En este sentido, a la hacienda hay que adjudicarle la autoría del primer gran cambio del paisaje, así como también una de las más dramáticas alteraciones ecológicas que se han registrado en el país. Para hacernos una idea de la magnitud del desastre hay cálculos que indican que a comienzos del siglo XIX la hoya del Guayllabamba ya había perdido más del 80 % de su antigua cubierta vegetal. Esto mismo se repetirá años más tarde en la cuenca del Guayas.
La importancia de la hacienda viene dada por el enorme peso que desde siempre ha tenido en la economía nacional. Fue a través de esta cómo se dinamizaron los mercados internos y cómo el país logró incorporarse a las redes internacionales del comercio. De ahí ese estribillo insistentemente repetido de “Ecuador, un país esencialmente agrícola”.
La hacienda, sin embargo, no solo estuvo orientada a la agricultura, sino que también estuvo integrada en la industria obrajera quiteña. Muchos de los latifundios y páramos anexos fueron el albergue de grandes rebaños de ganado ovino. Hay cálculos que cifran la población de ovejas en más de un millón. Esto quiere decir que en la época tocaban a razón de dos o más cabezas por habitante.
Mientras duró el auge de los textiles quiteños, el complejo hacienda-obraje fue el nervio principal de la economía quiteña. Las exportaciones de telas y bayetas al Perú y a la Nueva Granada son las que permitieron que fluyera plata y oro a Quito.
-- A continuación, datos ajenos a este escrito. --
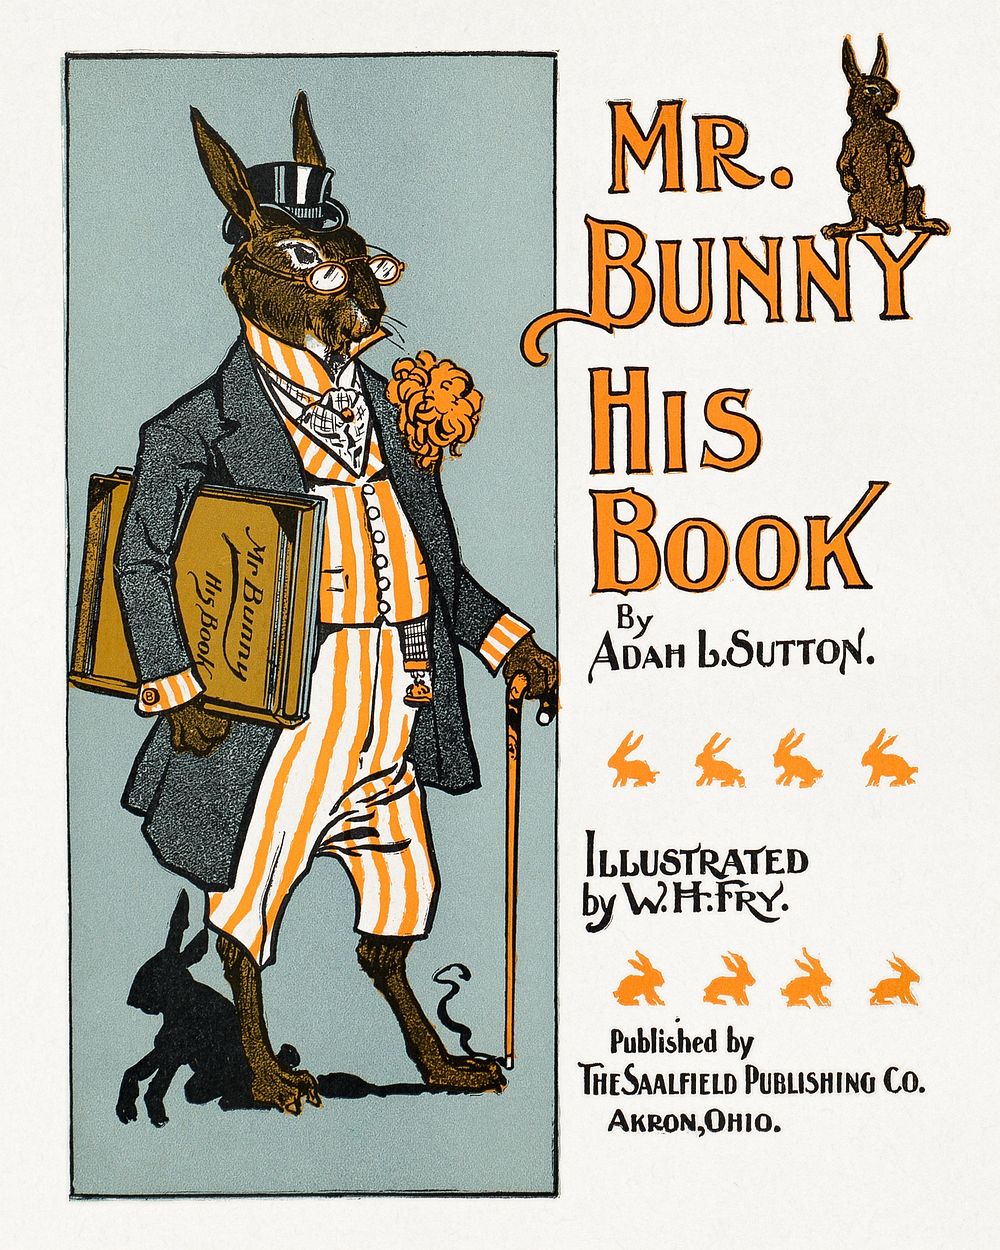 Mr. Bunny, his book by Adam L. Sutton (1890&ndash;1920), vintage book cover illustration by W. H. Fry. Original public…

Este tráfico comercial resultaba crucial en la medida en que, gracias a este, la Audiencia logró monetizar su economía.
Hay que tener presente que “El Quito” era una región particularmente pobre en metales preciosos. A raíz de la crisis de los obrajes, un hecho que empezó a ocurrir en torno a la década de 1720 y que se agudizó más tarde, la hacienda también fue cayendo en un severo declive.
A partir de estas fechas fue cuando la propiedad rural empezó a mostrar ese ruinoso y miserable estado tantas veces descrito por los viajeros. Lo más grave fue que no se trató de una crisis meramente coyuntural, sino estructural. Su magnitud fue tal que la Sierra centro norte no logró levantar cabeza hasta doscientos años más tarde.
Tan exiguos eran los réditos que producía que muchas tierras se dedicaron al autoconsumo o simplemente dejaron de cultivarse. James Orton, un viajero de la década de 1870, certificó que en la hacienda Pinantura, en aquel entonces el mayor fundo ganadero del país, ¡era imposible conseguir “un cuarto de leche y una libra de mantequilla”!
Uno de los factores que también dieron pie a que la crisis se dilatara en el tiempo fue la falta de caminos que facilitaran el comercio Sierra-Costa. Para hacernos una idea de las dificultades que tenía la hacienda para comercializar sus productos hay que tener presente que, hasta comienzos del siglo XX, Guayaquil se abastecía regularmente de granos y hortalizas del norte peruano.
La hacienda cacaotera
Si en el interior andino la propiedad rural se hallaba en franca decadencia, en la Costa, particularmente en la cuenca del río Guayas, las haciendas entraron en pleno apogeo. La entrada en escena de la economía cacaotera fue la varita mágica que volvió atractivas y productivas unas tierras que hasta ese momento habían permanecido baldías.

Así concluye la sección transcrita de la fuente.